Infrastructure

Web Scraping

The automated process of extracting data from websites using software tools or scripts, commonly used for data collection, price monitoring, and content aggregation.

What is Web Scraping?

Web scraping is the automated extraction of data from websites through software programs that fetch web pages, parse their content, and extract specific information. Unlike manual copy-pasting, web scraping enables large-scale data collection processing thousands or millions of pages efficiently. Organizations use web scraping for competitive intelligence, price monitoring, market research, lead generation, content aggregation, sentiment analysis, and countless other data-driven applications.

Web scraping exists on a spectrum of complexity. Simple scraping downloads HTML pages and extracts data using pattern matching or DOM queries. More sophisticated approaches handle JavaScript-rendered content, bypass bot detection systems, solve CAPTCHAs, manage sessions, rotate proxies, and mimic human browsing patterns. The appropriate technique depends on target website characteristics, anti-scraping measures deployed, required scale, and legal constraints.

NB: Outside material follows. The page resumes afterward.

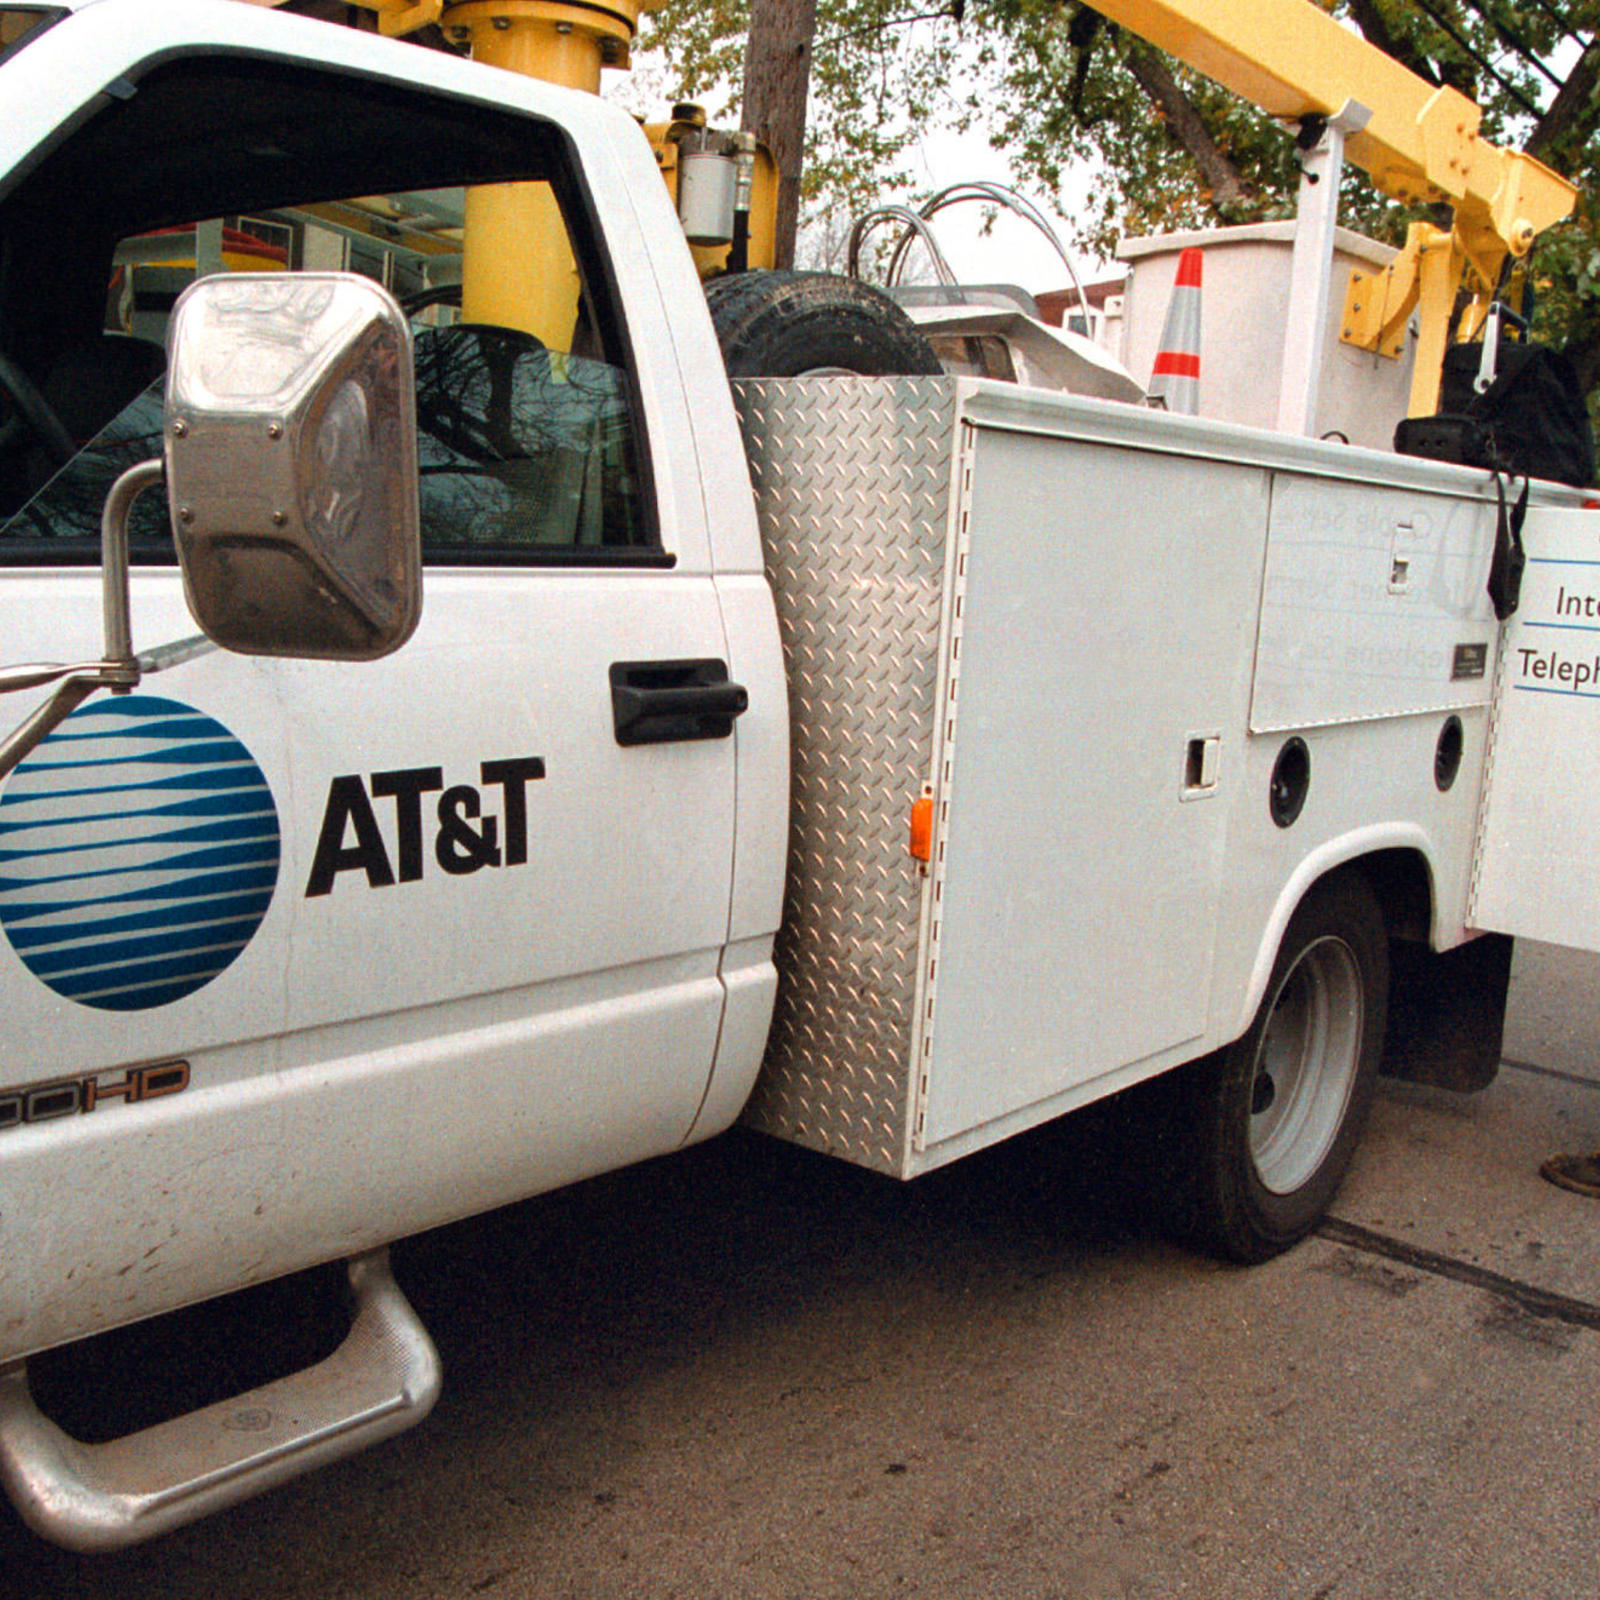 what customers should know about at&t's massive data breach

Understanding HTML Parsing

HTML parsing forms the foundation of web scraping. Websites structure content using HTML elements with classes, IDs, and hierarchical relationships. Scrapers navigate this structure locating elements containing desired data—product prices in span tags with class “price”, article titles in h1 elements, images in img src attributes. Modern parsing libraries provide CSS selectors and XPath expressions for precise element targeting without complex string manipulation.

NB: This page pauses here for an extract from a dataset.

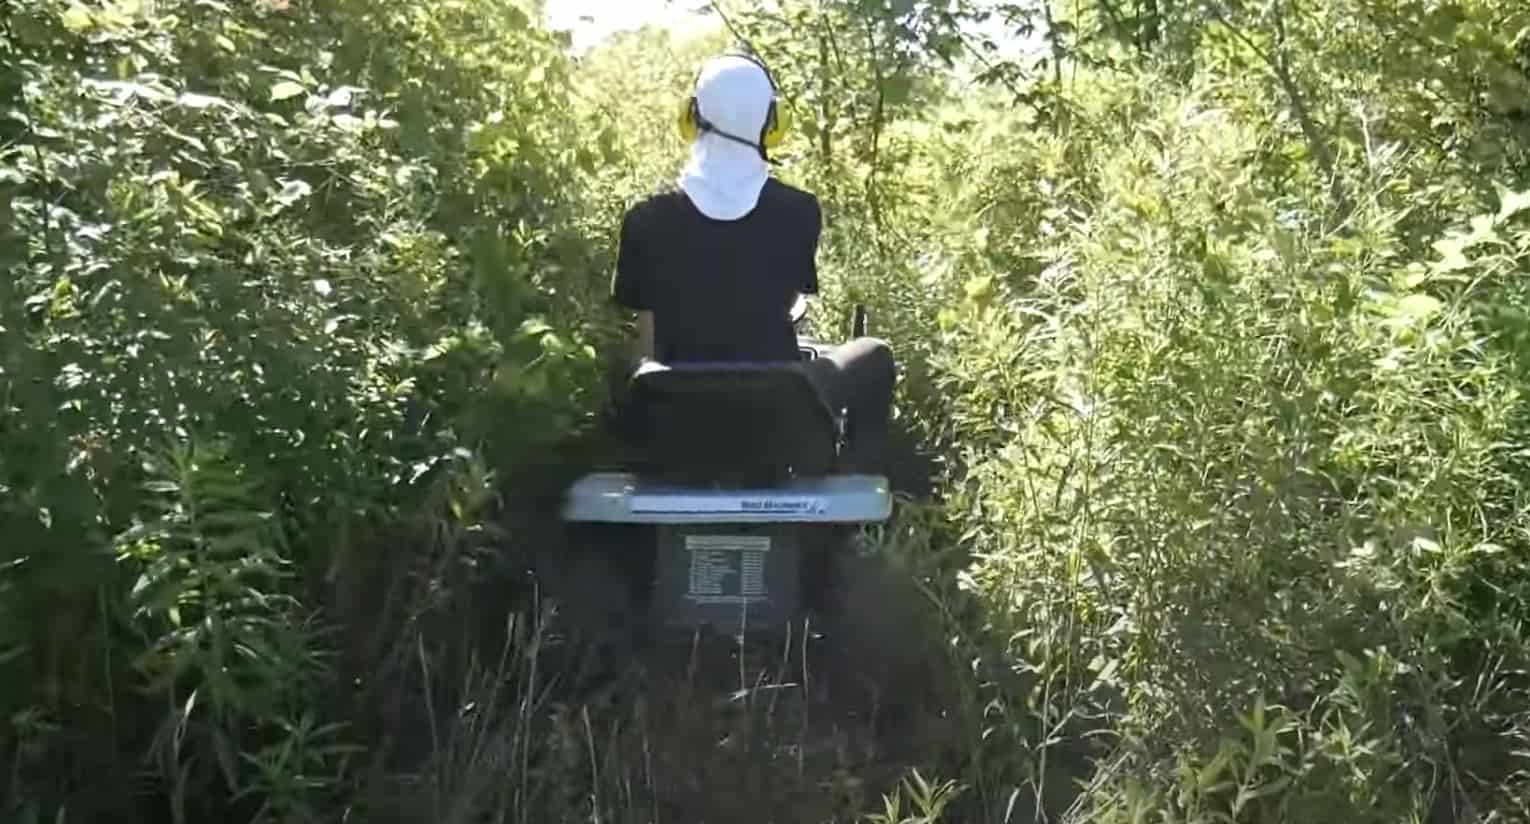 clearing brush with lawn garden tractor dense green brush on both sides man riding mower

The Document Object Model (DOM) represents HTML as a tree structure that parsers can traverse and query. CSS selectors like “.product .price” find elements matching patterns, while XPath expressions like “//div[@class=‘product’]//span[@class=‘price’]” provide even more powerful selection capabilities. Scrapers iterate over selected elements extracting text content, attribute values, or structural relationships to build structured datasets from unstructured web pages.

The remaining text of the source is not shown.